Menus to make wines shine

Wine knowledge has been spreading around the globe. Wine collecting is now a hobby, and not just for the well-heeled. More and more, people who are mad about wine want to share the great bottles they have been collecting. What's the point of tracking down sometimes rare wines from your favourite growers to drink alone, or with people who are frankly bored by your enthusiasm for analysing their aromas and flavours? A lot of thought goes into choosing bottles to compare and contrast with other wine enthusiasts. It is my contention that this sort of dinner is best held at home. What I have learnt from many years of cooking for wine makers,wine traders, commentators and wine collectors is this: - keep the food simple. This is not the moment to try out complicated dishes. Your culinary skills are there to help not hinder wine appreciation. For a "wine dinner" the food is the orchestra, the wines are the soloists.
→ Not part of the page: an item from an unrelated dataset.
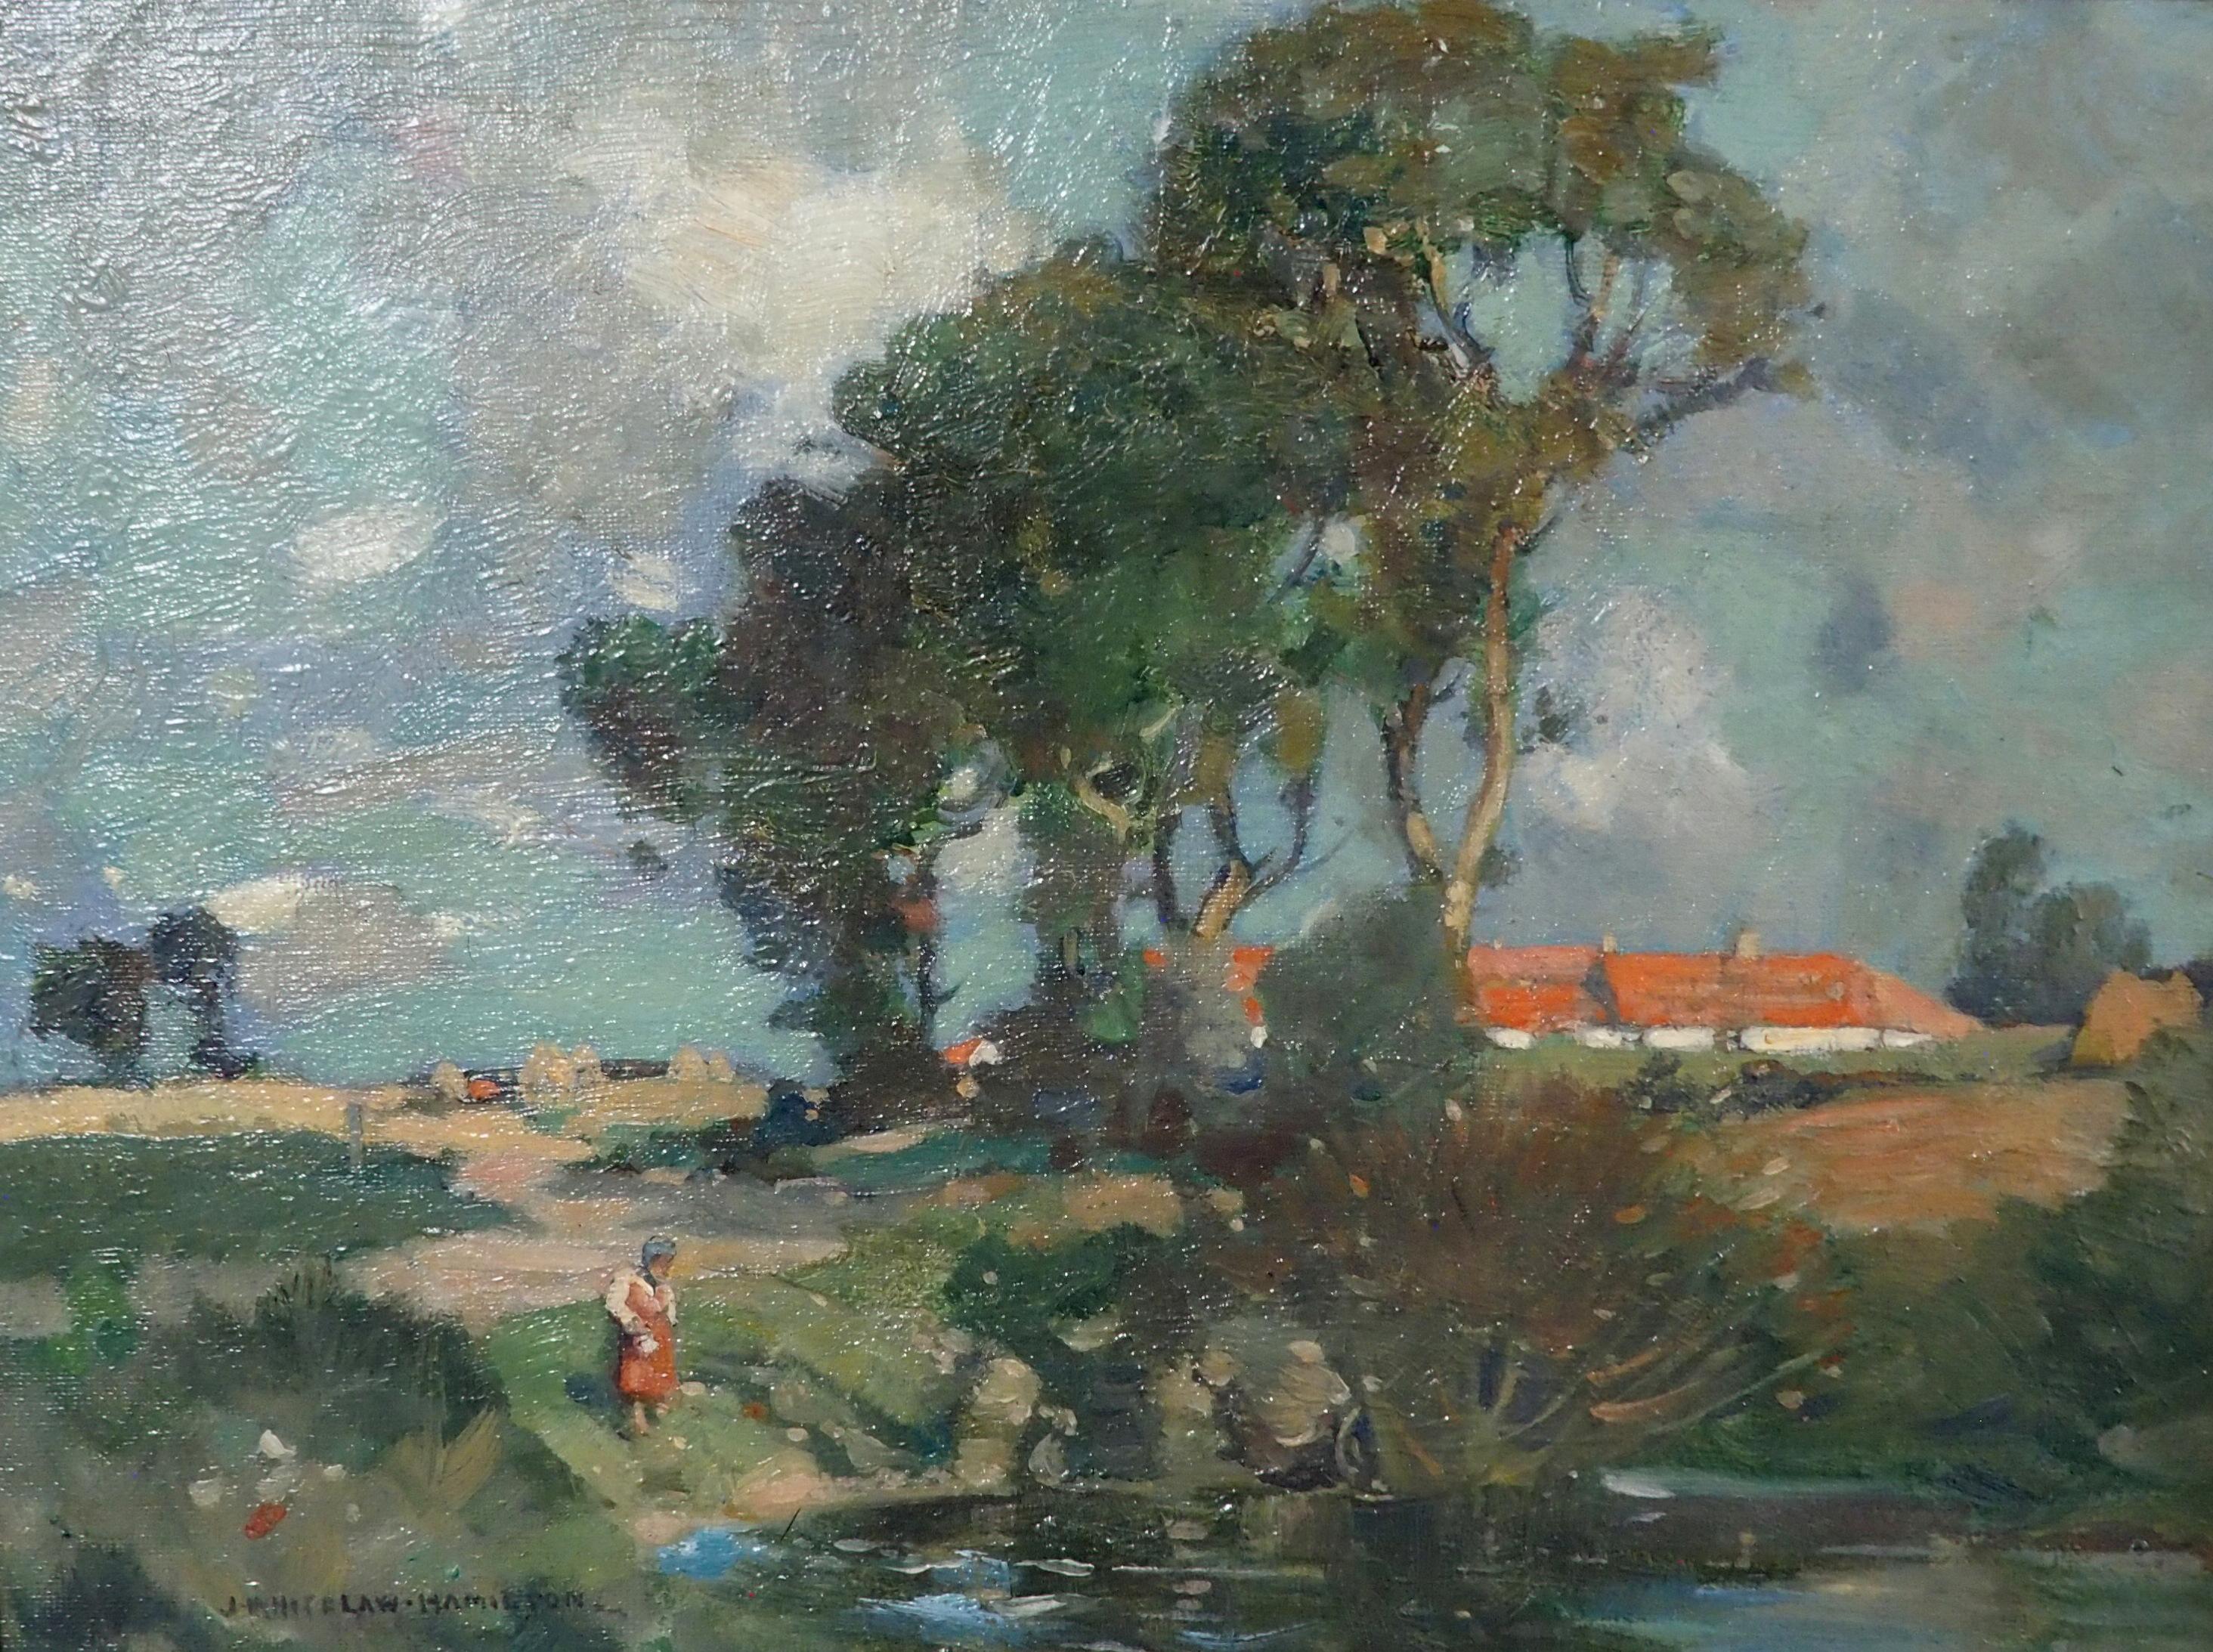 JAMES WHITELAW HAMILTON RSA, RSW (SCOTTISH 1860-1932) SUMMERTIME Oil on canvas board, signed, 23,5 x

Becky Wasserman and her husband Russell Hone receive hundreds - yes, really hundreds - of people each year in their beautiful farmhouse near Beaune, giving them a taste of what it's like to live in Burgundy. Becky's wine exporting business, Le Serbet, entertains its clients here. Many of them become friends and return as often as they can, because this is a table where wines shine, but unpretentiously. No wine snobbism, just a respect for growers who do their work very conscientiously whether they are making village wines or Grands Crus.

The world-famous wine region is essentially a rustic place. Russell is noted and loved for a repertoire of dishes which are the backbone of French country cooking - red wine stews, navarins, blanquettes and much else, made with ingredients bought from local growers, just like the wines. This is a long way from French restaurant cooking and does the job perfectly. These are dishes which don't impose themselves. They are delicious but they allow the wines to shine while everyone relaxes round a convivial table,conversation flowing.
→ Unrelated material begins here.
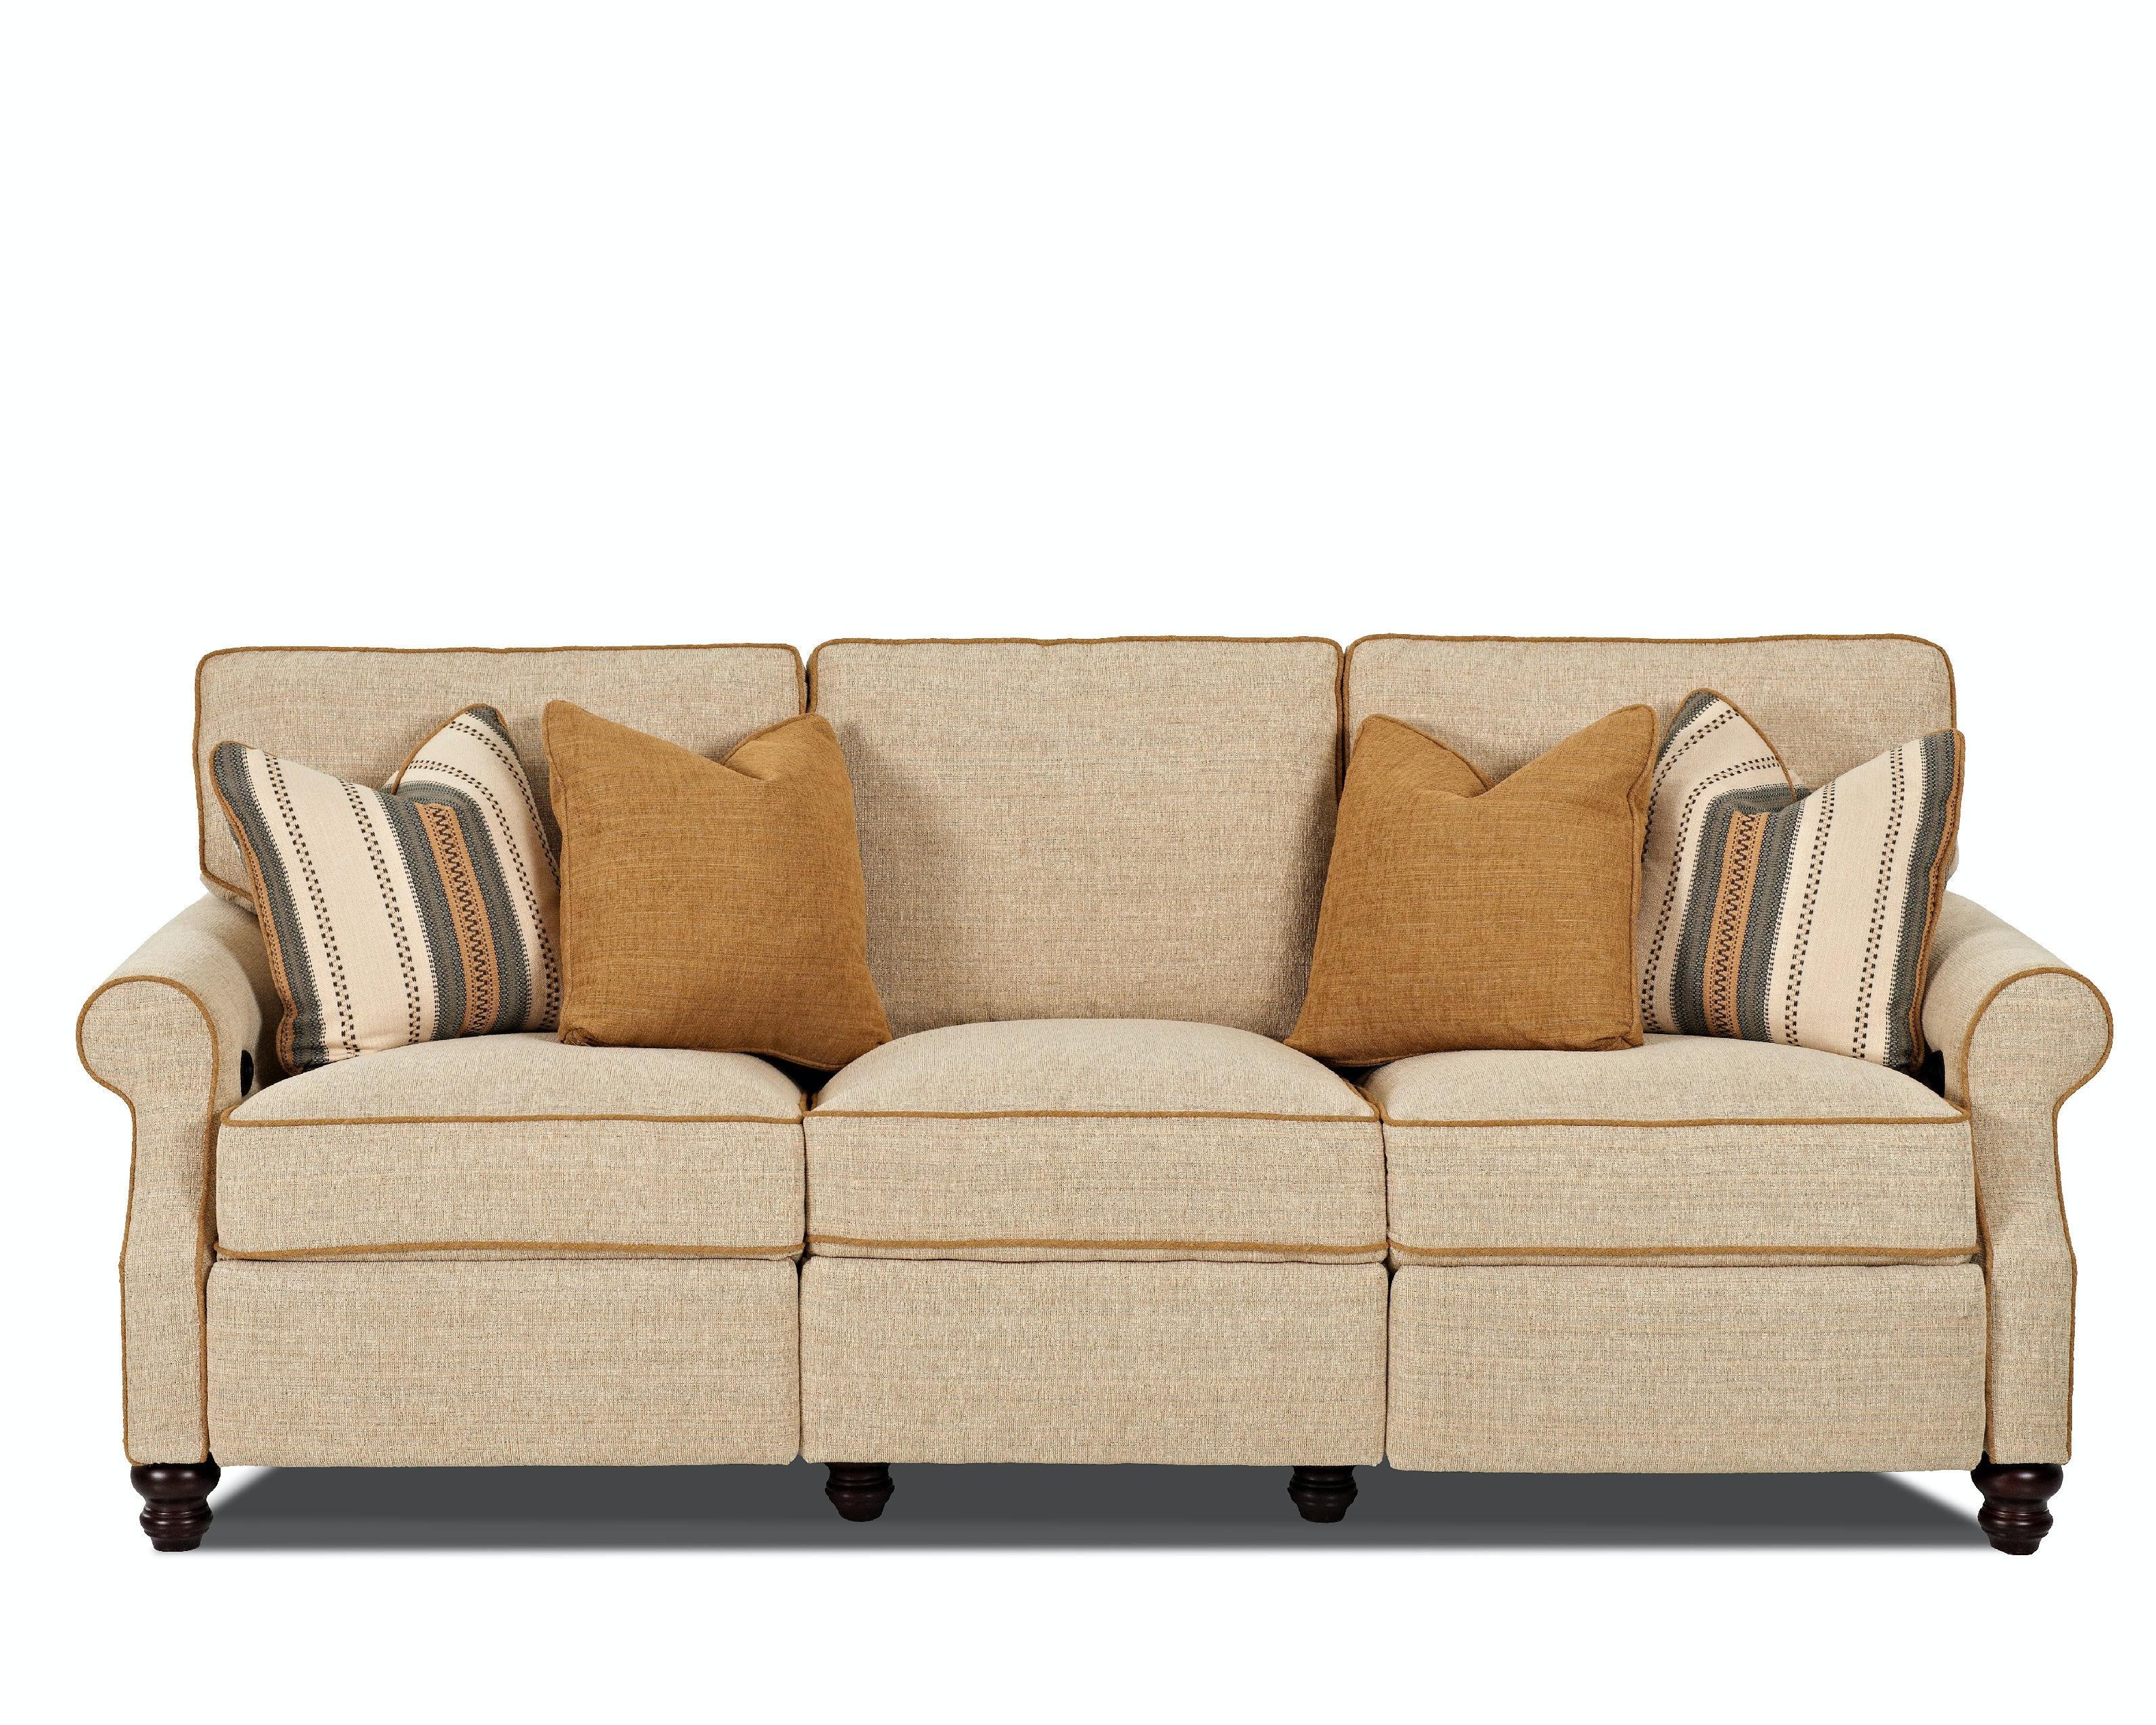 Trisha Yearwood Tifton Sofa D26003 PWRS

If you have a line-up of wines as above - lucky you! - to serve, with the wine maker present at the dinner, it makes sense to ask him or her what they would like. In this case, Frederic Mugnier (one of my all time favourite growers) has quite strong feelings. He prefers to serve fish as a first course with his reds. He likes, as many Burgundians do, white with cheese. In fact, most growers if consulted about a menu will say, "something simple". We don't need to get too precious about wine and food matching, but the cook has to be happy to take a facilitating role.

A menu which exemplifies this, chosen recently by Becky Wasserman and Russell Hone for a dinner show-casing Frederic Mugnier, was as follows:

Cold Salmon with Sauce Verte - a "quiet" dish which was a great partner for three reds:

Chambolle-Musigny 2010 (made from Premier Cru Les Plantes and Village vines), Nuits-Saint-Georges Premier Cru Clos de la Marechale Monopole 2009, and Chambolle-Musigny Premier Cru Les Fuees 2002.
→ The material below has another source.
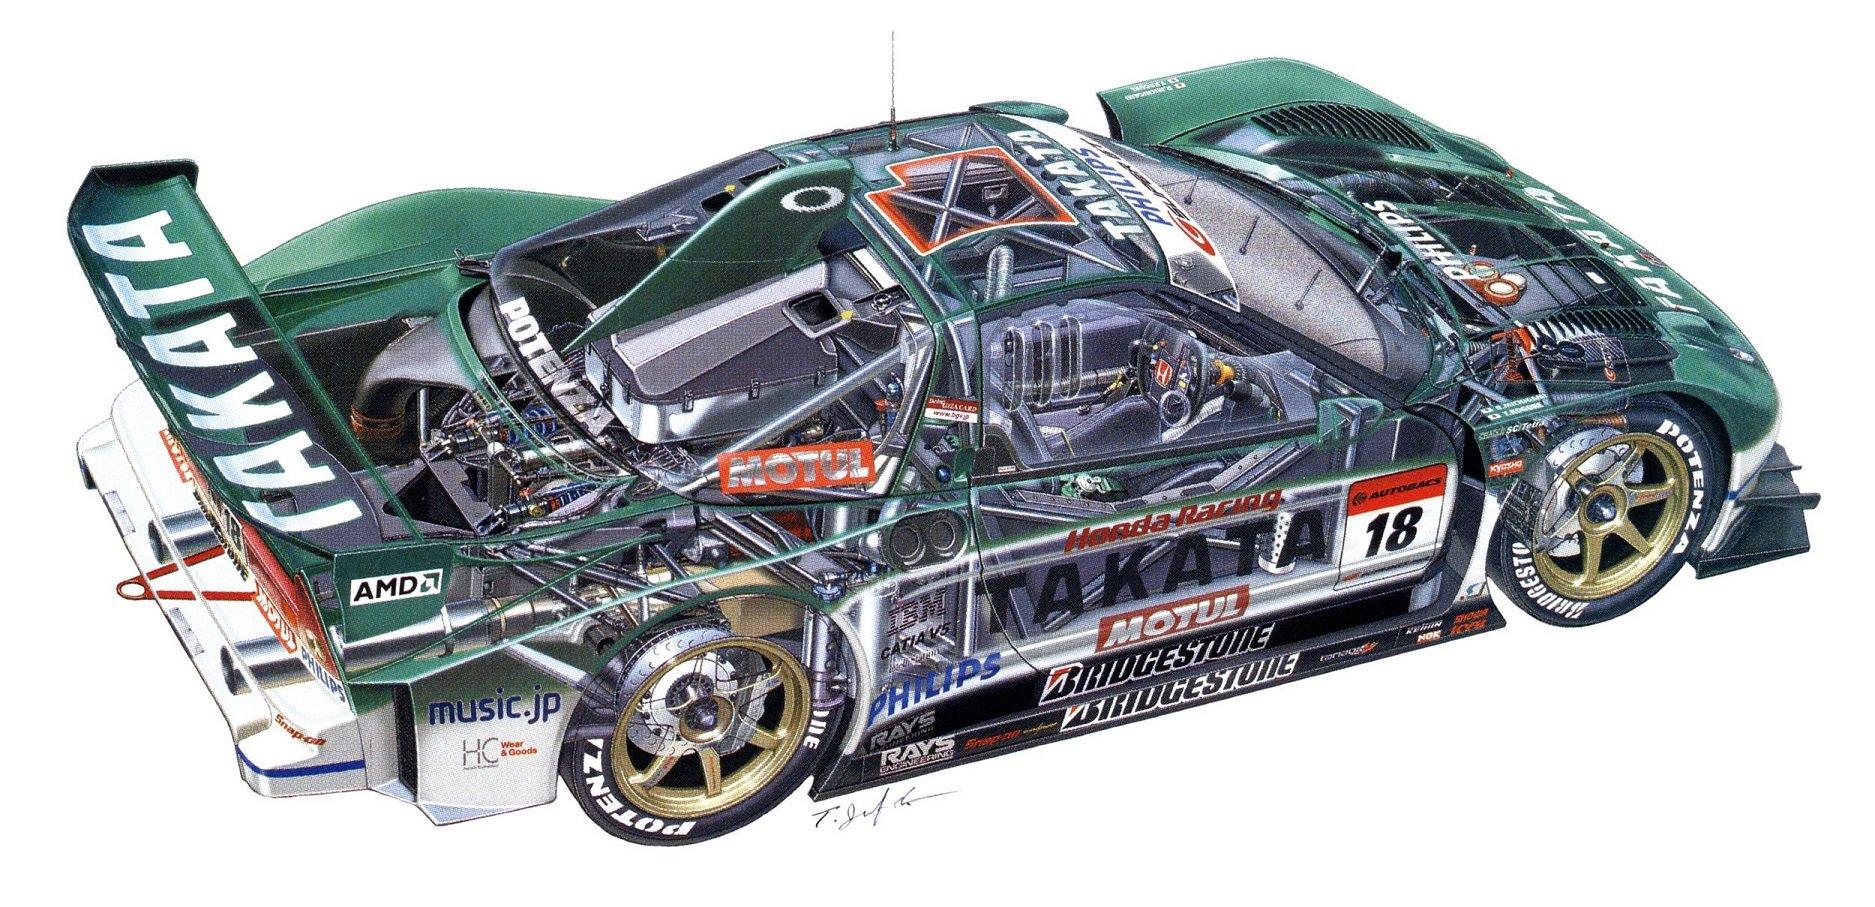 Honda Nsx Takata Dome Nsx Jgtc Super Gt Cars Racecars

Boned roast rack of Lamb with a stew of aubergines, onions and potatoes with mild flavours of cumin and ginger was served with four more great reds from Fred:

Bonnes-Mares Grand Cru 2003, Chambolle-Musigny Premier Cru Les Amoureuses 2003,Musigny Grand Cru 2007, Musigny Grand Cru 1993.

Green salad

Local cheeses served with a white Nuits-Saint-Georges Premier Cru Clos de la Marechale Monopole 2009.

Poached fresh apricots with Orange Florentines were accompanied, not by a wine but by Apricot Liqueur distilled and made by another favourite wine maker as a side-line, Jean-Marc Roulot of Meursault.